Человек способен возлюбить каждого, кто разделяет с ним его последнюю минуту. Кто бы то ни был...
Она крепко прижалась к девушке в синем платье и прошептала ей на ухо:
— Я тоже тебя люблю.
По-прежнему слышался гул самолетов и грохот взрывов. Неожиданно она почувствовала, как пол под ними заходил ходуном. Видимо, одна из бомб упала совсем близко. Здание содрогнулось от взрывной волны. Почти сразу часть крыши вокруг пролома, возникшего во время предыдущего налета, оторвалась и с грохотом рухнула вниз. Потом все стихло. Доносился лишь затихающий вдали гул самолетов. Она вскочила на ноги и подбежала к балюстраде амвона. И увидела Цейса — он склонился над фрагментом свода, которым придавило ее мать.

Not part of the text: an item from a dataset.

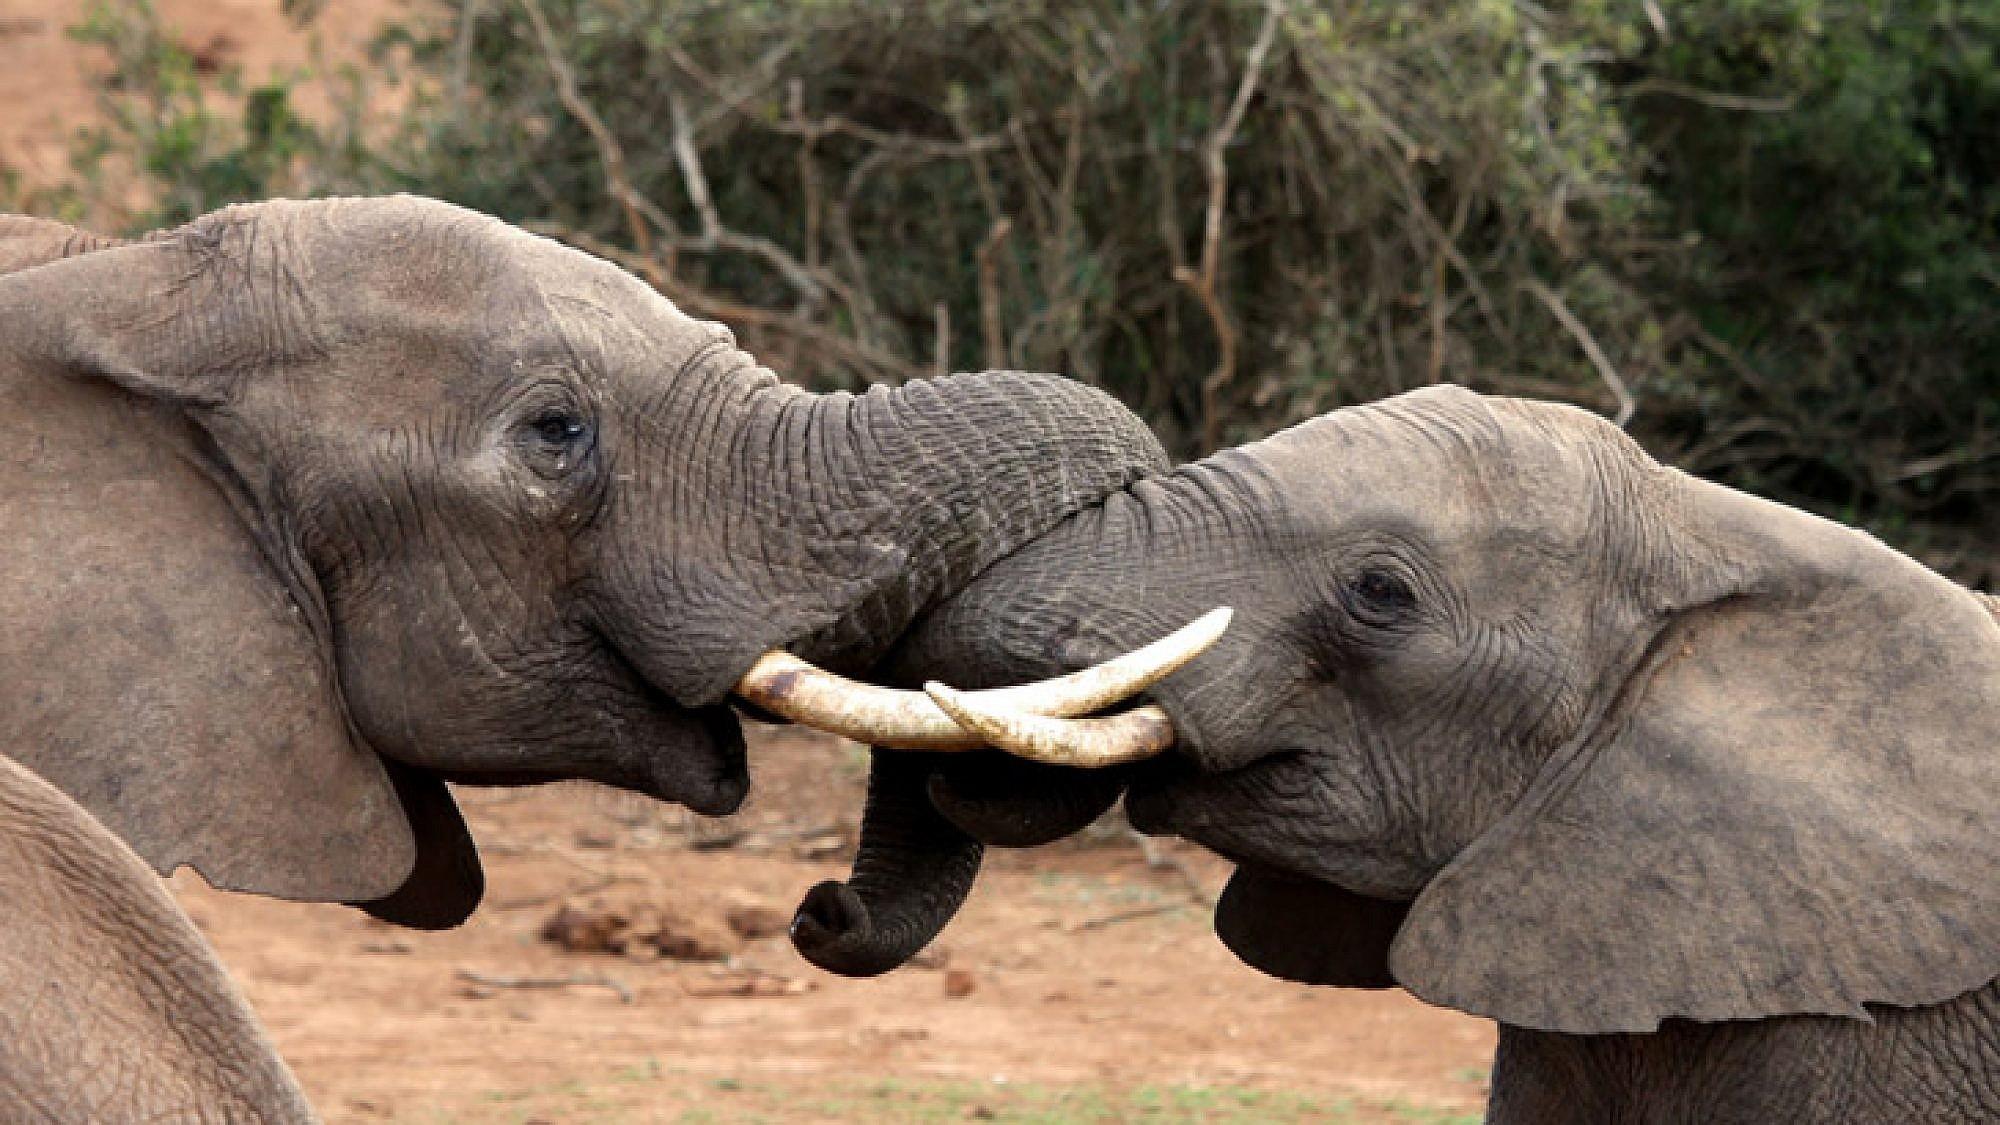 הפילים חיים בשמורה יחד עם חיפושיות זבל שניזונות מגלליהם | צלם: א.ס.א.פ קריאייטיב | Anke van Wyk, shutterstock

Она сбежала вниз по лестнице. Вместе с Цейсом они попытались поднять каменную балку свода. Вскоре рядом оказались Ротенберги с Лукасом. А еще через минуту появился садовник Цейсов. Тот самый, что собирал черешню. Цейс, покрикивая, раздавал приказы. Мать Лукаса стояла на коленях возле головы ее матери, пытаясь просунуть под балку камень, чтобы приподнять ее хоть на миллиметр. Отец Лукаса стоял тут же. Садовник обращался к Ротенбергам на идише. Он говорил с ними на идише! Вдруг каменная балка сорвалась с одной из подпорок, которые подкладывала под нее мать Лукаса. Цейс разразился бранью. Лакей подошел к нему и сказал:
— Не кричи, отец, это не ее вина. Слышишь?! Не кричи! Хоть сейчас не кричи, не надо... — Он встал между Цейсом и Ротенбергом, обеими руками ухватился за балку и сказал: — Давайте вместе! Изо всех сил. Вверх...
Мать Лукаса без колебаний нырнула под балку и подставила спину, пыталась приподнять ее.

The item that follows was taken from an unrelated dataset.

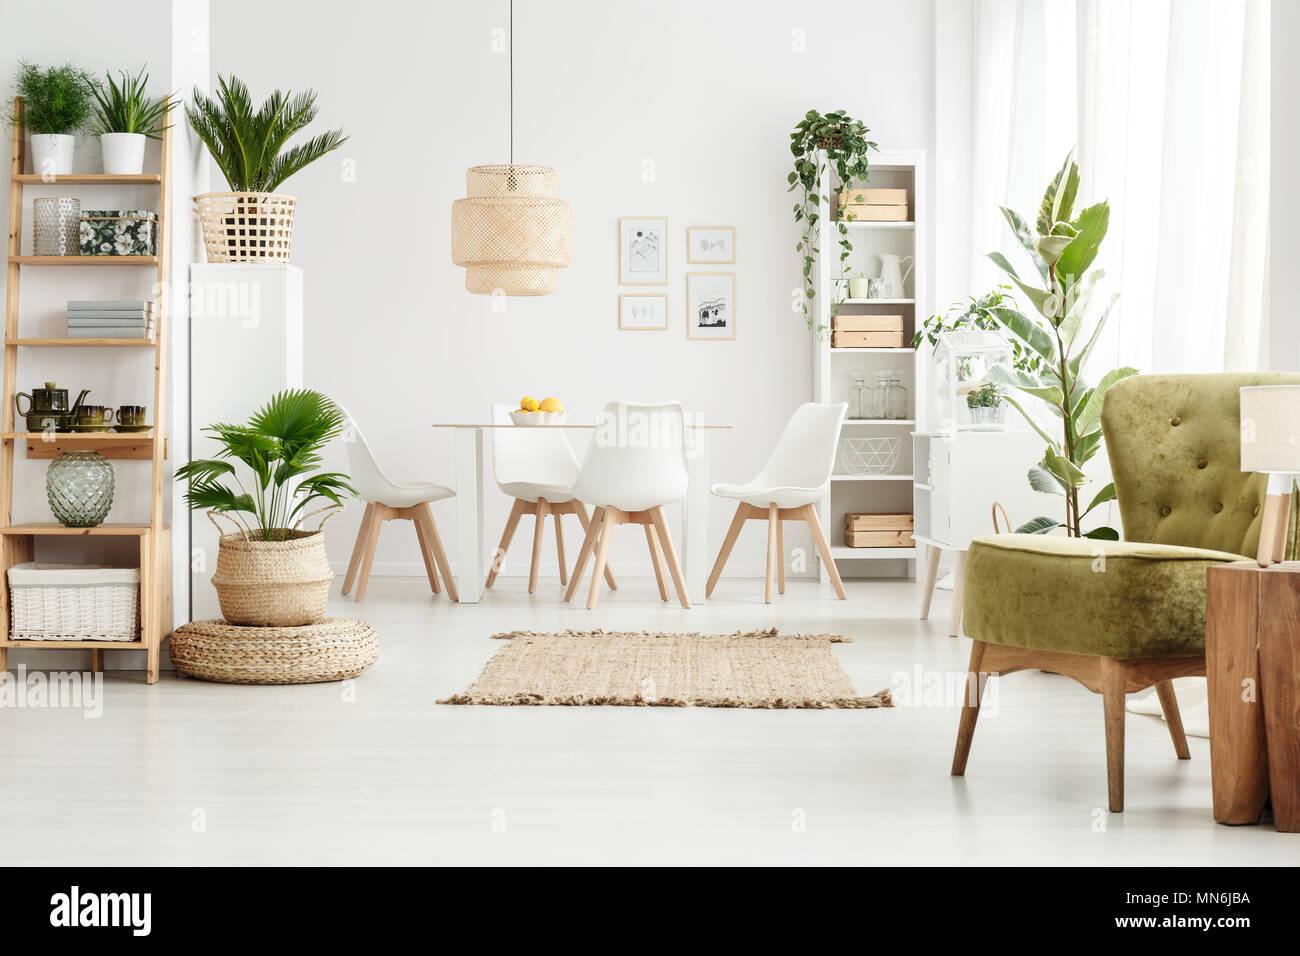 Lampada su uno sgabello in legno verde e poltrona in multifunzionale

А Анна опустилась возле матери на колени. Легким движением смахнула желтоватую пыль с ее лица и волос. Цейс присел рядом и вытащил из кармана мундира жестяную бутылку. Сначала окропил женщине лицо, потом поднес бутылку к ее рту. Струйка воды увлажнила сжатые губы. Цейс провел по ним пальцем, распределяя воду.
— Уважаемая! Уважаемая госпожа Блайбтрой, очнитесь! Я все вам объясню... я просил за вашего мужа, обращался по его вопросу в Берлин, — сказал он, поглаживая ее лицо. — Вы не можете уйти, не выслушав меня, мы ведь еще не закончили разговор. Вы не можете! Госпожа Бляйбтрой, я очень прошу... Я вам приказываю!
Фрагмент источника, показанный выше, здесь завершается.